The GITHUB_NOTIFY_CHAT_ID setting routes all GitHub notifications to a separate Telegram group, keeping your DM clean for actual conversation.
When GITHUB_NOTIFY_CHAT_ID is set, all GitHub event notifications go to the configured group:
| Event | Normal notification | Agent output |
|---|---|---|
| Push | Commit summary with branch and author | - |
| Pull request | Open/close/merge/reopen summary | PR review agent posts its review summary here |
| Issues | Open/close/reopen summary | Issue triage agent posts its triage summary here |
| Issue comments | Comment text with author and link | - |
| PR reviews | Review submitted/approved/changes requested | - |
Both the standard event formatters and the agent outputs (PR review, issue triage) route to the same group. There is no way to split them - it is all or nothing.
When GITHUB_NOTIFY_CHAT_ID is not set, everything goes to the user's DM as before. Zero behavior change.
Only GitHub events are rerouted. Everything else stays in your direct conversation:
- Interactive chat messages
- Scheduled job output (reminders, Claude jobs)
- Generic webhook notifications (
/webhookendpoint) - Voice message responses
- File/photo responses
Open Telegram and create a new group:
- Tap the compose/pencil icon (bottom-right on mobile, top-left on desktop)
- Select New Group
-
Add your Kai bot as a member - search by its
@username - Name it something descriptive (e.g., "Kai GitHub", "Dev Notifications")
- Tap Create
The bot needs to be a member of the group to send messages there. You can make the group private - the bot does not need admin privileges to send messages.

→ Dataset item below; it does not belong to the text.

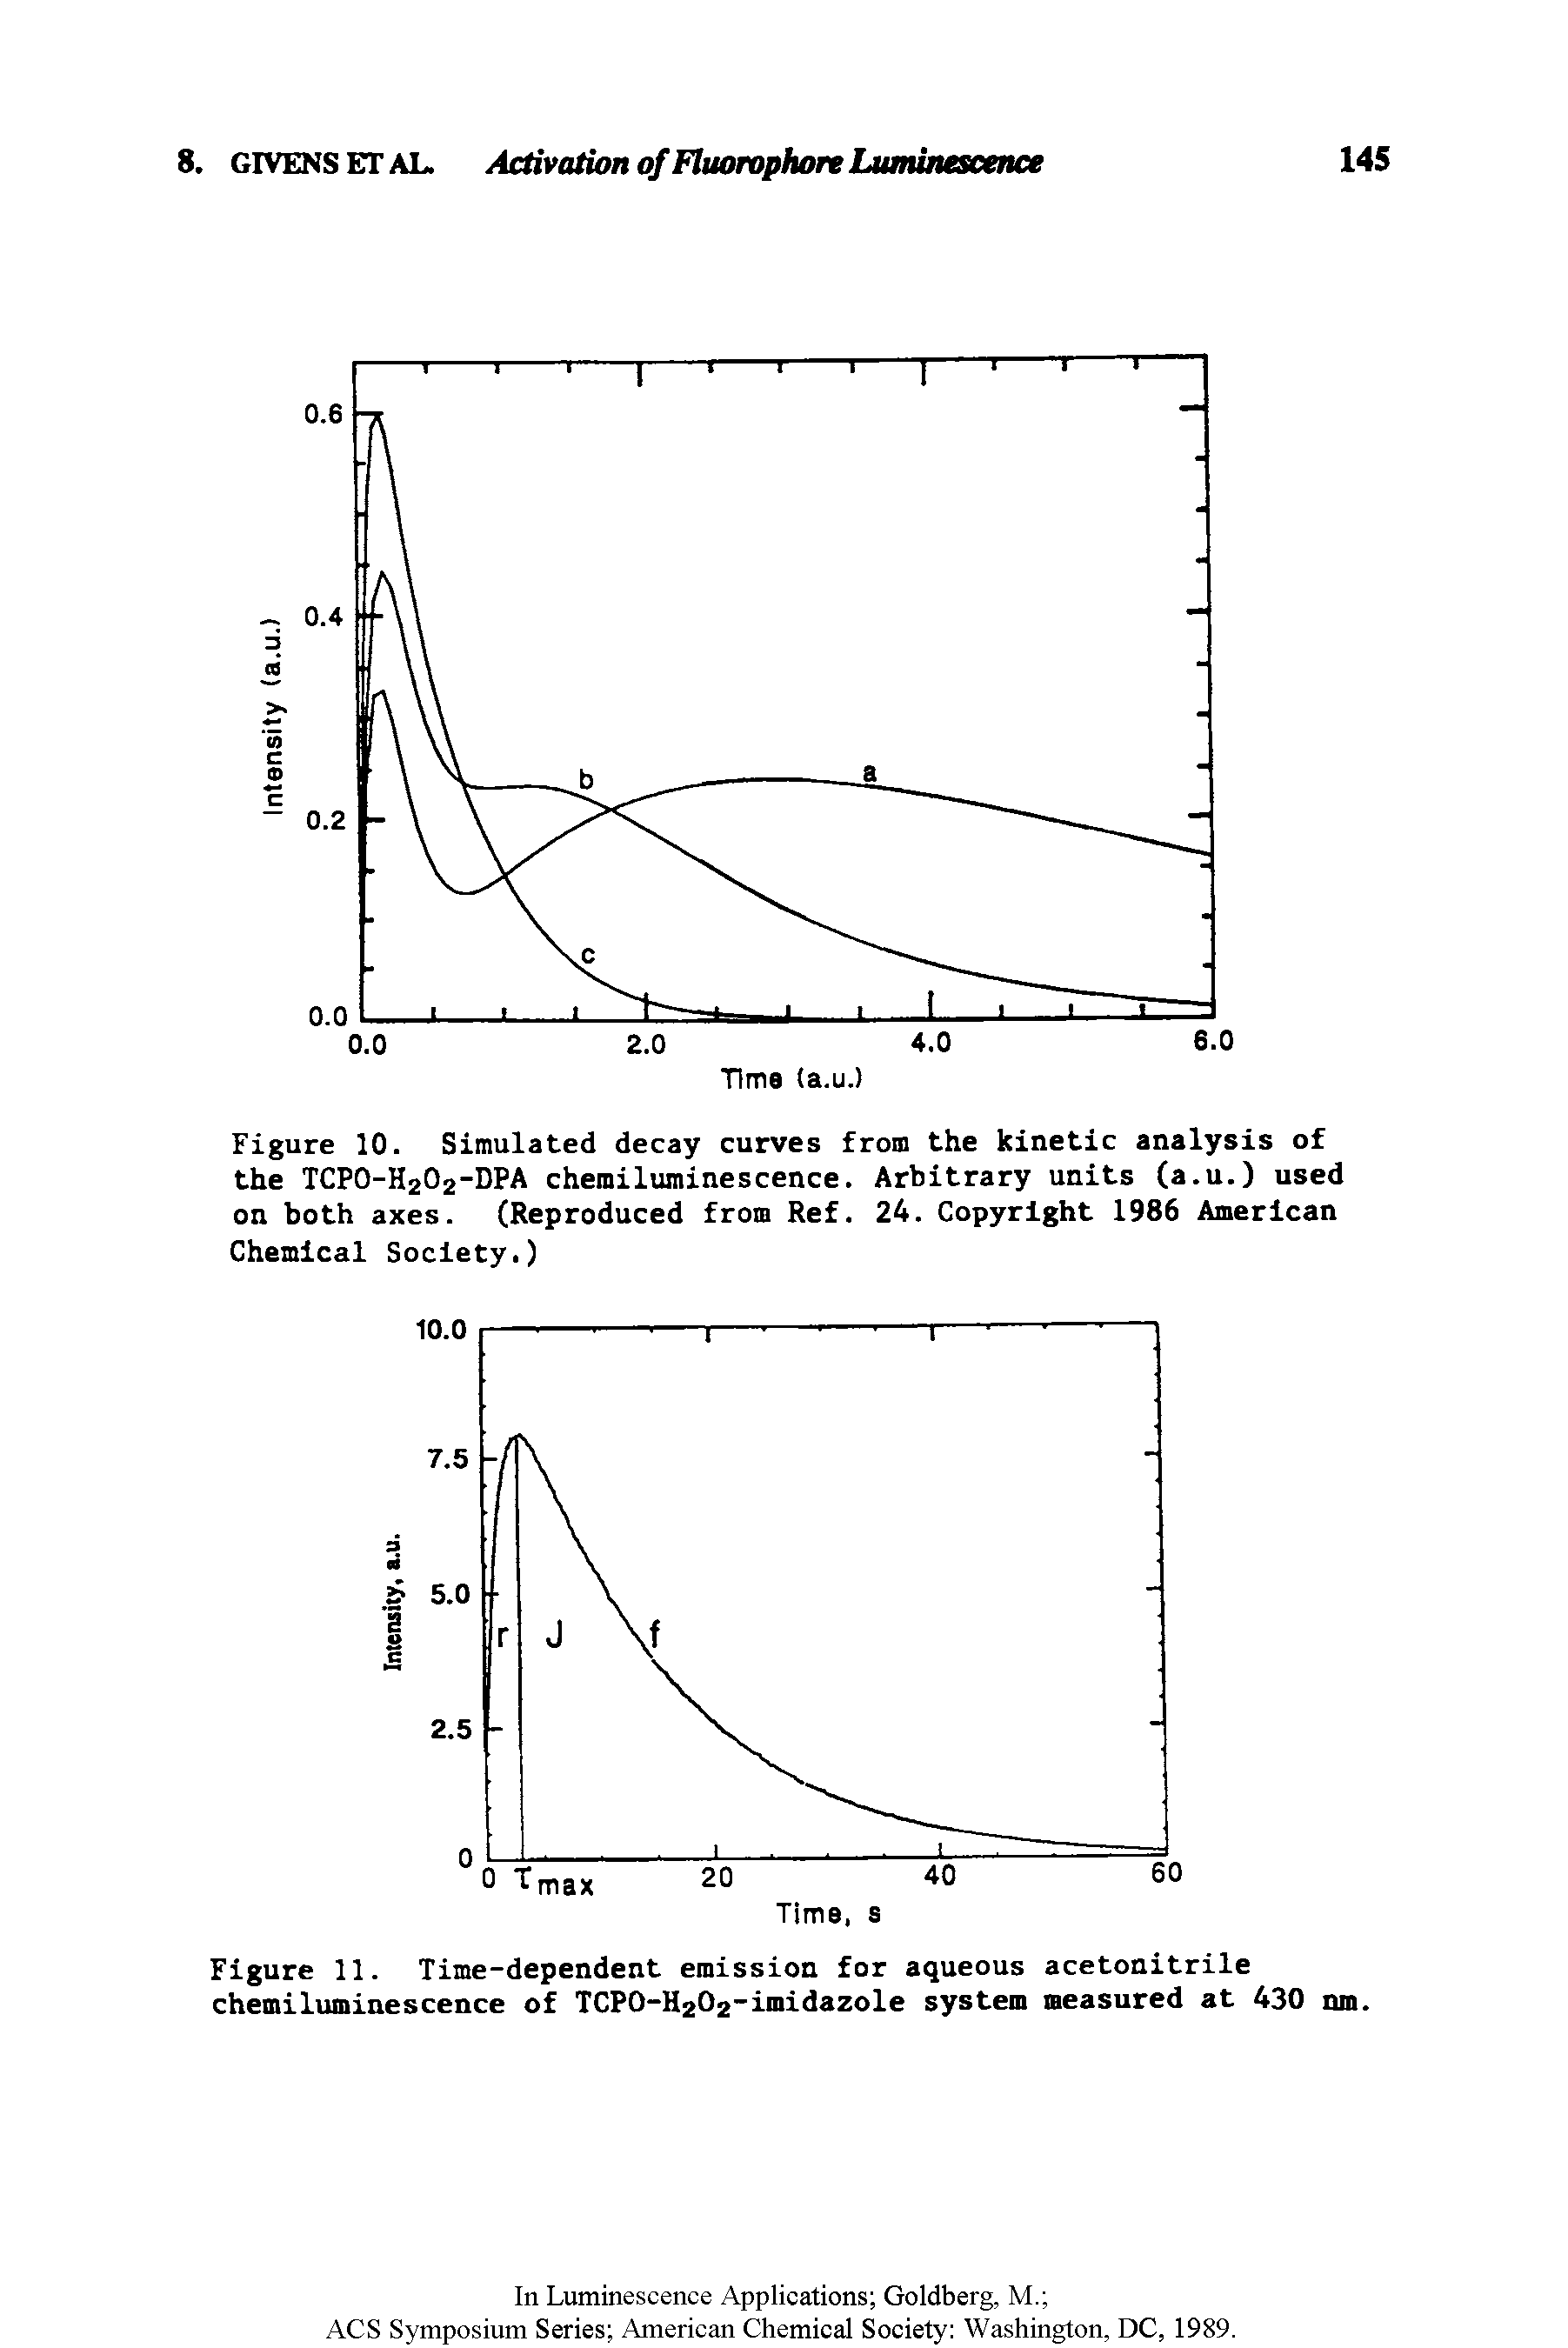 Figure 10. Simulated decay curves from the kinetic analysis of the TCPO-H2O2-DPA chemiluminescence. Arbitrary units (a.u.) used on both axes. (Reproduced from Ref. 24. Copyright 1986 American Chemical Society.)...

Telegram groups have negative integer chat IDs (e.g., -5241088228). Individual users have positive IDs.
Option A: Send a message and check the logs
- Send
/startin the new group (bot commands are always visible to bots, even with privacy mode) - Check Kai's logs for the chat ID:
# Production grep "chat_id" /var/lib/kai/logs/kai.log | tail -5 # Development grep "chat_id" logs/kai.log | tail -5
Option B: Temporarily use getUpdates
If the webhook is consuming updates so they don't appear in getUpdates, you can temporarily disable the webhook, send a message, poll for it, then restore the webhook:
# Remove webhook temporarily
curl -s "https://api.telegram.org/bot$TELEGRAM_BOT_TOKEN/deleteWebhook"
# Send a message in the group, then:
curl -s "https://api.telegram.org/bot$TELEGRAM_BOT_TOKEN/getUpdates" | python3 -m json.tool
# Look for "chat": {"id": -XXXXXXXXXX, "title": "Your Group Name"}
# Then restart Kai to re-register the webhookOption C: Use @userinfobot (may have duplicates)
Add @userinfobot to the group. It replies with the chat ID immediately. Note that there may be multiple bots with similar names - look for the verified one.
Interactive installer:
make configThe installer prompts for "GitHub notification chat ID" under the GitHub notifications section. Paste the negative integer (including the dash).
Manual configuration:
Add to your .env (development) or /etc/kai/env (production):
GITHUB_NOTIFY_CHAT_ID=-5241088228The value must be a valid integer. Empty or missing means the feature is disabled.
# Development
make run
# Production (launchd will auto-restart)
kill $(ps aux | grep 'python.*-m kai' | grep -v grep | awk '{print $2}')On startup, the webhook server parses GITHUB_NOTIFY_CHAT_ID and stores it in the app dict. If the value is invalid (not an integer), a warning is logged and the feature is treated as disabled.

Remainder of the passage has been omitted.